Caldera’s testnet faucet has temporarily been disabled due to spam
Sovereign Labs team just posted a new update log, this time featuring a new bank module, RPC Support, a sequencer module, and more.
AltLayer announces FlashGPT v2, featuring enhanced UI and increased robustness. “Users can direct this powerful ’Siri-like’ assistant tool to deploy and customize their rollups and contracts in minutes.”
Circle’s cross chain transfer protocol is now live on mainnet with Hyperlane as a launch partner, amongst other protocols
Three new projects have deployed on zkSync Era: Layer Zero, Beefy Finance, Tevaera (on-chain gaming), and Woofi (DEX).
The full distribution of the Arbitrum DAO airdrop took place on Tuesday
Vertex (orderbook-AMM DEX) is now live on Arbitrum mainnet.
Cashmere Labs, “a protocol for MEV protected cross-chain swaps” built on Layer Zero, is live on public testnet
“Introducing the Superchain Token List, a unified token list for the Optimism ecosystem”
The voting cycle for Season 4 of Optimism’s protocol delegation program begins
The OP-Labs team published this page which will serve as “the source of truth” for upgrades and everything else related to Optimism Bedrock
Symbiosis, a cross-chain engine and liquidity protocol, is integrating Scroll into their testnet
Introducing Spark, a UTXO order book on Fuel
Fluid protocol, the native stablecoin protocol on Fuel, gets a new look
New performance upgrades have been added to Fuel’s Beta-3 testnet.
Optimism, Scroll, and Fuel will be amongst some of the protocols that will be putting up funds for the upcoming ETHGlobal Lisbon hackathon event.
XBorg, a gaming data and application network, as well as Yooldo, are integrating with Mantle’s L2 network.
The second wave of Aztec grants is live: “The focus for this wave is funding developers within the Noir ecosystem”.
The StarkWare team just published their 2023 goals & roadmap.
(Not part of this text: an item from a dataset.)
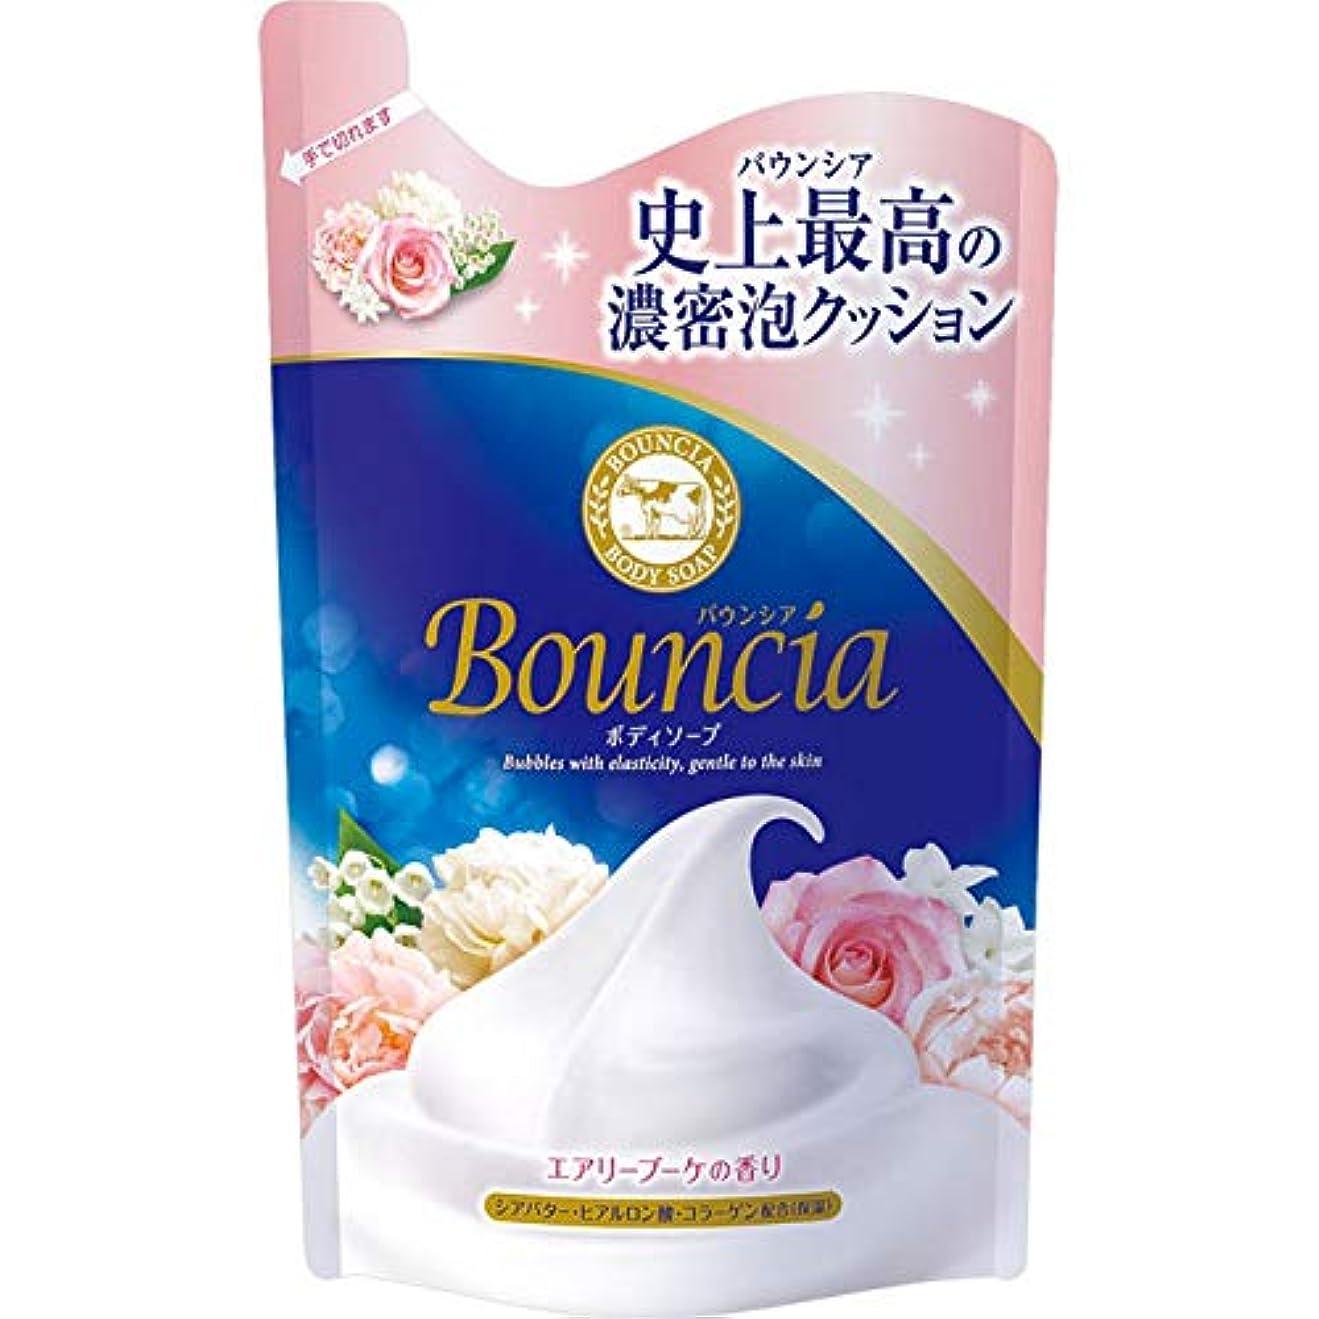 レンダリングどこか余分なバウンシアボディソープ エアリーブーケの香り 詰替用?400mL × 4個セット

Here’s a TLDR from @LordSecretive.
Brine Finance launches on StarkEx: “an order book DEX that provides a superior permissionless trading experience”
Introducing StarkEye, a StarkNet address monitoring tool
Introducing StarkFighter, a new community campaign. “A mini-game challenge to discover Starknet and compete for over $12,000 in prizes. Climb to the top ranks of the Leaderboard to win ETH and NFTs”
Two projects add support for Polygon zkEVM: LayerZero, and Bungee.
The Polygon team has added some UX changes to the zkEVM bridge
You can now track all of your Polygon zkEVM assets on CoinStats
Google Cloud announces the “web3 startup program”, featuring up to $200K in cloud credits and other benefits.
📚 Discourse & Education
Do app-specific rollups have permissionless deployment?
Alana Levin from Variant Fund poses the question and a thought experiment: Could Blur deploy on a (hypothetical) OpenSea L2 and undercut OpenSea’s business?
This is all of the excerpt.